“I don’t think I want my play kitchen anymore,” my daughter announced while we spring-cleaned the basement the other day.

I had to leave the room to collect my thoughts. (And weep quietly in the bathroom.)

I may be walking around with a smile on my face this week, but I cry a little inside every time I think of that moment. Not just because of the dreary weather (well, maybe) or my erratic hormones (well, that too), but because I’m realizing that my little girl isn’t so little anymore.

She couldn’t mean the plastic gourmet play kitchen that she used to “slave over” when she was a toddler? The one with a “working” stovetop, beeping microwave, faux hardwood floor and other cute mini-gourmet-culinary accessories?

It couldn’t be.

I still want to play in that kitchen.

How could she NOT want to play in it anymore?

The fact that this mini-kitchen is nicer than any kitchen I’ve ever owned is beyond the point. Or the fact that if I sketched a Randy-to-the-Rescue blue print of my dream kitchen, you’d pretty much see THIS KITCHEN.. in white.

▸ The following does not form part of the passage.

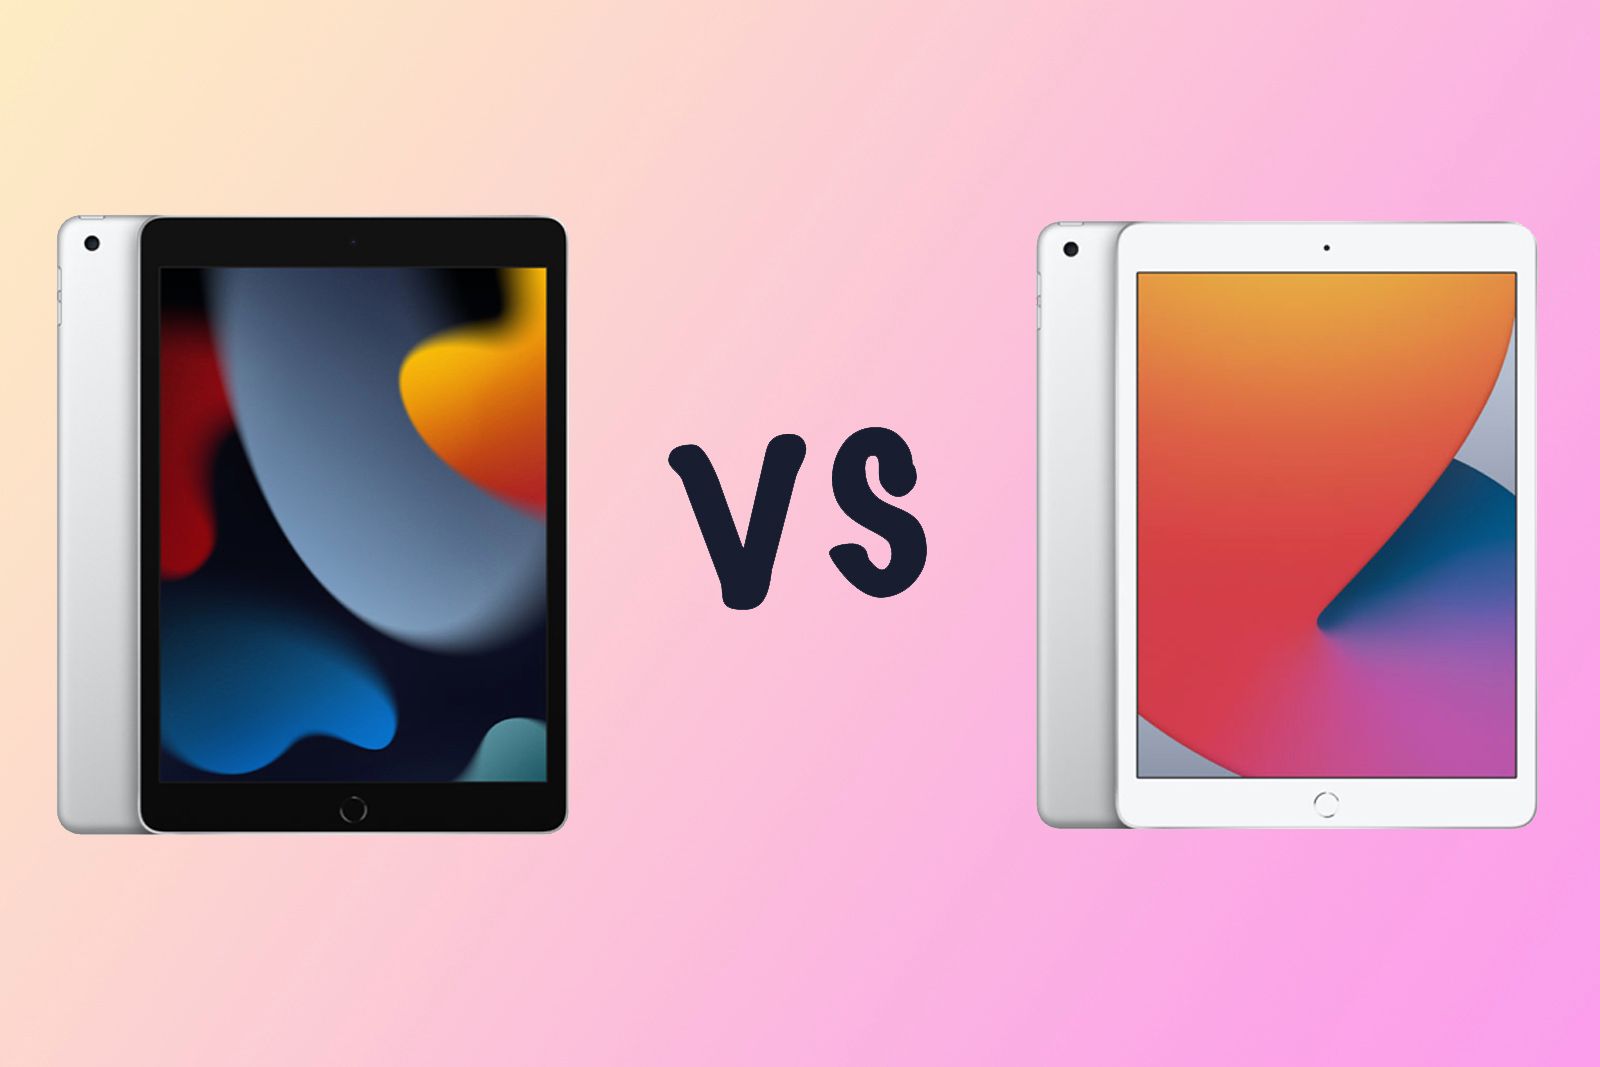 Apple iPad 10.2 (9th gen) vs iPad 10.2 (8th gen) differences
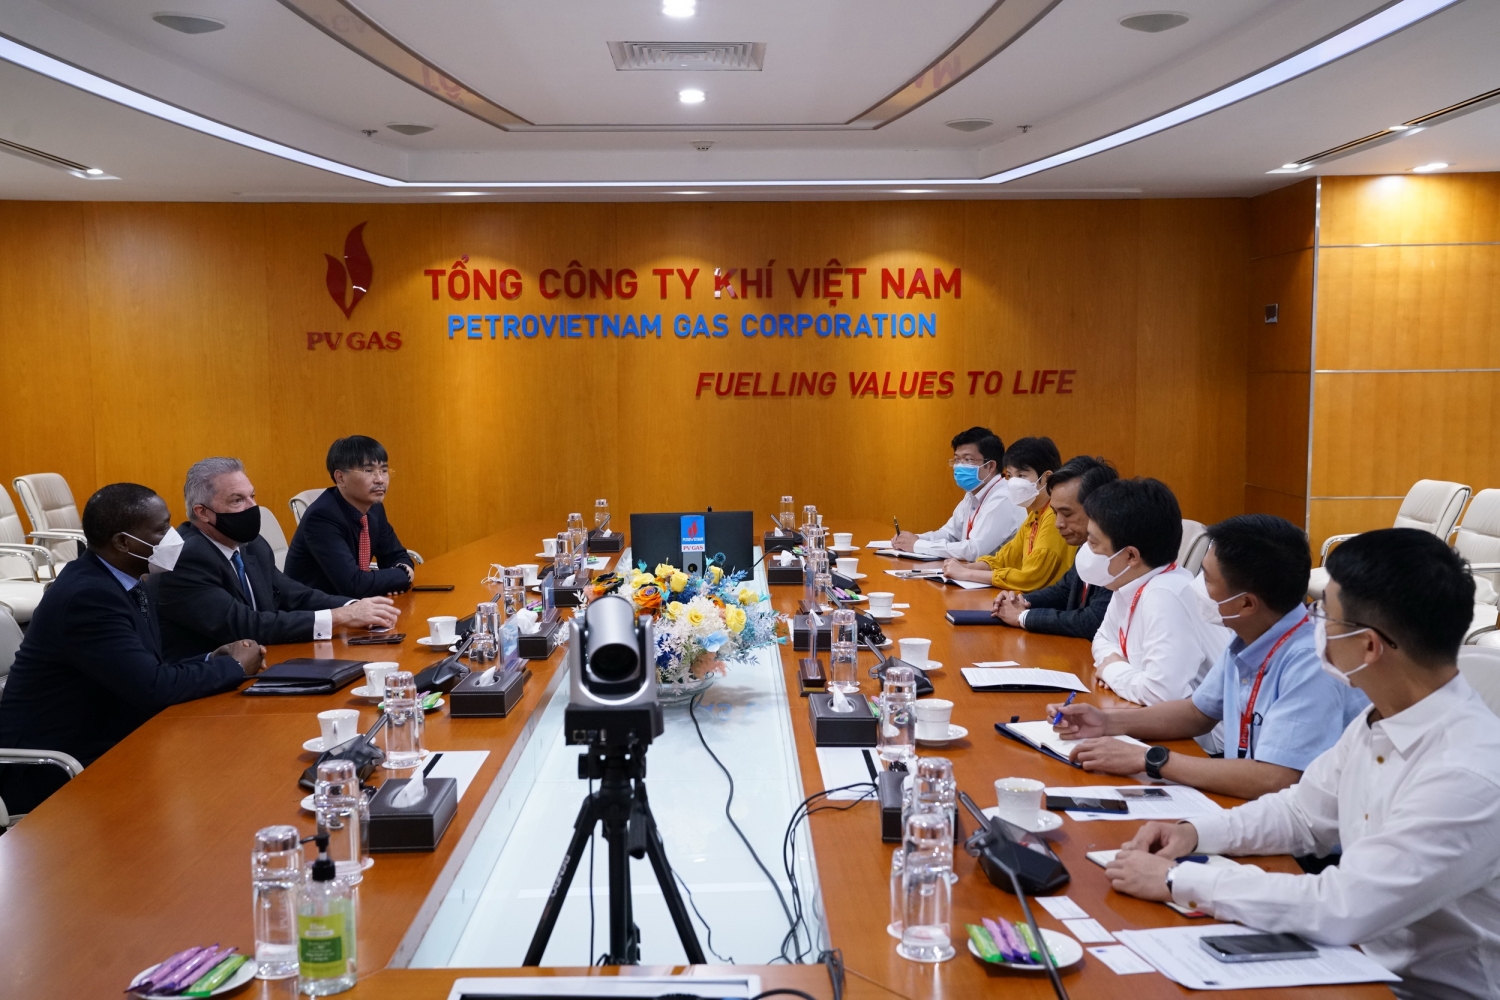 Tổng giám đốc PV GAS tiếp các đối tác đến tìm hiểu và phối hợp phát triển ngành công nghiệp khí Việt Nam

And the fact that I’ve actually pretended to make bacon and eggs on the stovetop that makes an unbelievably cool boiling noise and brew a pot of coffee in the pretend coffee maker that actually sounds like a real coffee maker is also beyond the point.

What kills me… is that my daughter getting rid of this play kitchen symbolizes the beginning of a new phase.

The pre-tween years.

I realize my baby is growing up. But she’s 9.

Can’t she hold onto it a little longer?

My best friend and I played house…until we were WAY too old to play house.

We actually turned her mom’s garage into an imaginary world – we transformed half of it into an apartment and the other into a school. We were like Janet and Chrissie Snow without Jack, but we were teachers in Clear Lake City. We would play school for hours and then go back to our “apartment” while listening to the Go Go’s and Foreigner. And, yes, our older siblings and their friends totally made fun of us for playing pretend straight through fifth grade. They still do, to this day.

But we couldn’t help it. We were kids. And it was fun.

It’s not that I don’t want my daughter to grow up. I want her to grow up and be everything she wants to be in life.

I just want the growing up part to slow down a little.

I should be thankful that she still likes to play dress up. She still plays with her American Girl Dolls. (I no longer have to take care of them while she’s at school.) But she doesn’t want the kitchen anymore.

What if we remodeled it? Maybe THAT would change her mind? Re-vamping the cabinets and re-finishing the faux hardwoods?